たにたに

わが青春に悔なしのたにたにのネタバレレビュー・内容・結末

わが青春に悔なし(1946年製作の映画)
3.7

このレビューはネタバレを含みます

【顧みて悔いのない生活】2022年143本目

戦後間もない黒澤明監督作。

1933年。国家が軍国主義の体制をとる中で、京大教授の八木原とその娘・幸枝、そして学生運動を指導する2人の男、糸川と野毛が学問の自由を求め抵抗する。

安定思考の糸川と、正義を重んじる野毛。そして幸枝との三角関係が描かれながら、幸枝という逞しい女性をかなり大胆に表現している。

特に印象的なのは終盤。
スパイ疑惑で収監された婚約相手である野毛が獄死し、責任を感じた彼女が野毛の農家に無償奉仕するシーンだ。
スパイ一家のレッテルを貼られ、村人からの露骨な嫌がらせ。そして泥まみれになりながら稲を植える姿。
幸枝の別人への豹変が苦しみを交えて露骨に表現されており、そのやりすぎ感に困惑してしまったのは否めない。

現代の若者が見たら、なりたくない職業に農家がランクインしてしまいそうなほどである。
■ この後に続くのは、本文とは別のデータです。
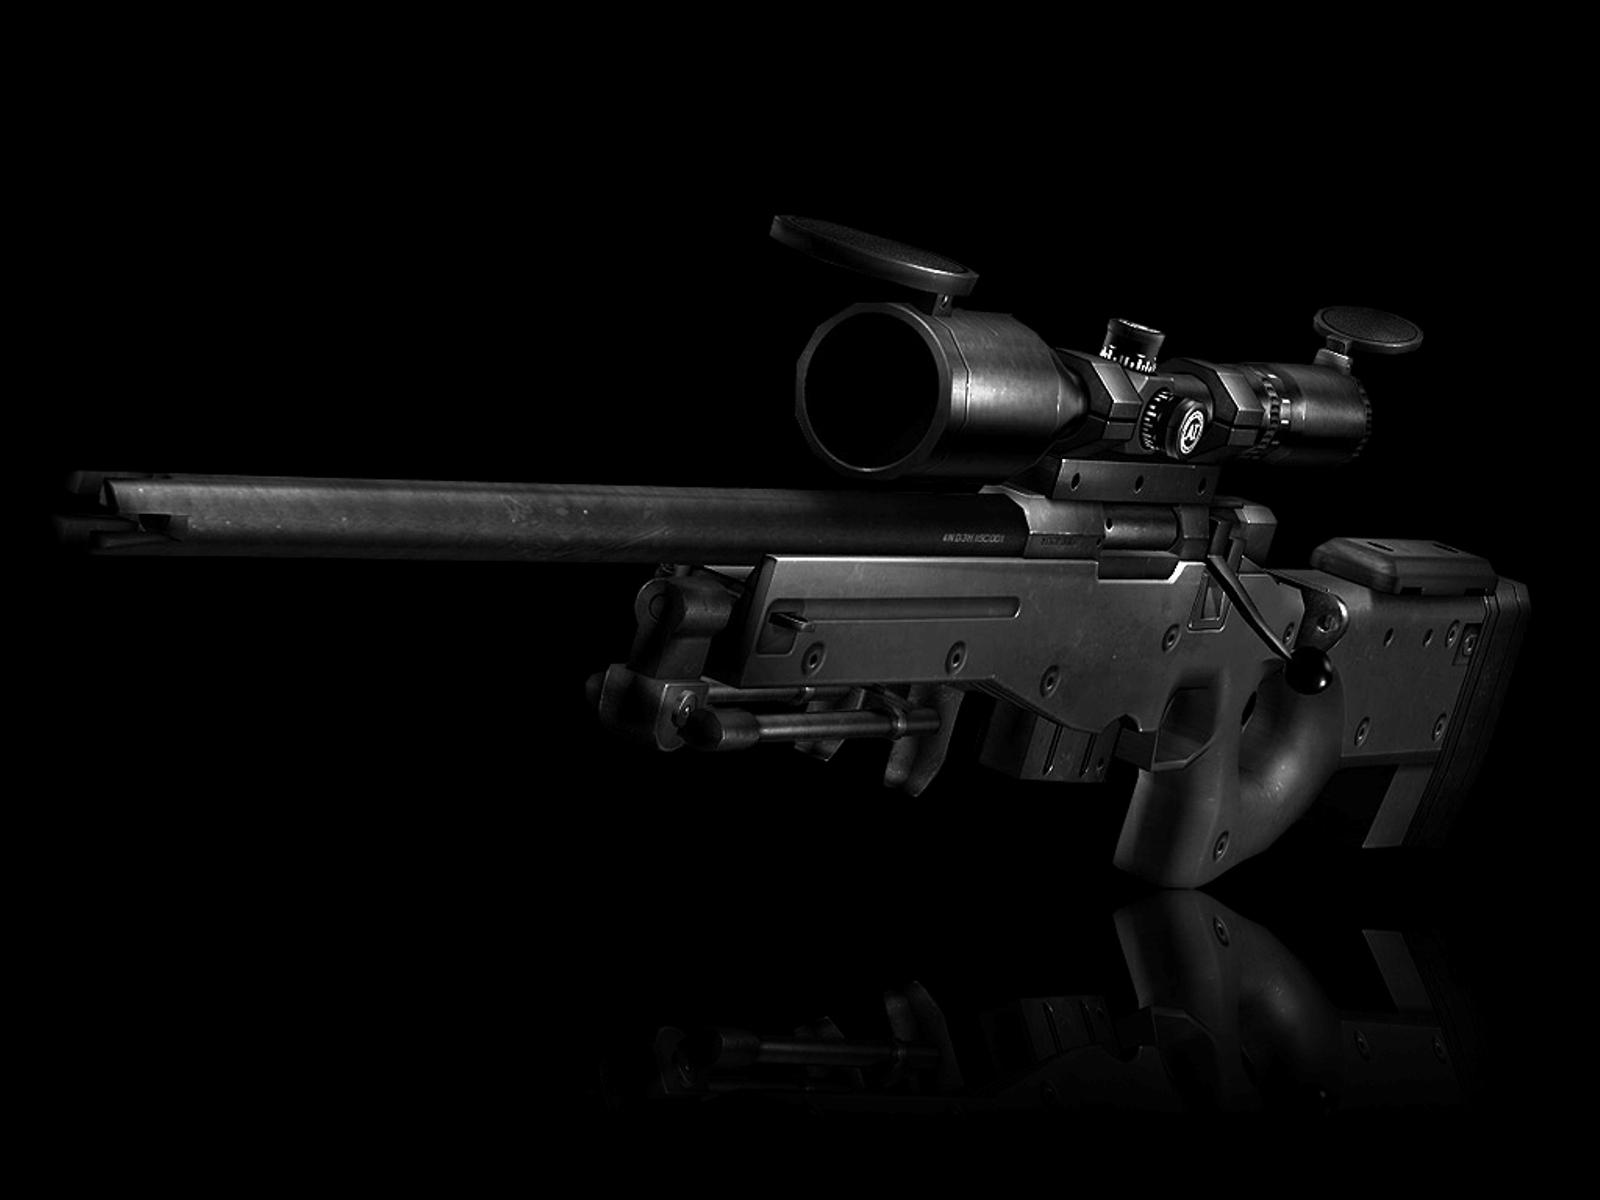 Sniper Rifle Computer Wallpapers Desktop Backgrounds 1600x1200 ID 1600x1200

教授の娘でどこか傲慢なお嬢様であった前半。「あなた、秘密をもっているのね。その秘密が欲しい。ね!ね!」と言っていた彼女が、後半にはやかんの口からそのまま水がぶ飲みしてますからねぇ。恐怖です。



「顧みて悔いのない生活。。顧みて悔いのない生活。。」
そう言い聞かせながら、再び野毛の実家へと帰っていく幸枝。
何度も繰り返されるその言葉からは、そう自分に暗示し、そう思いたいだけなのではといたたまれない気持ちになる。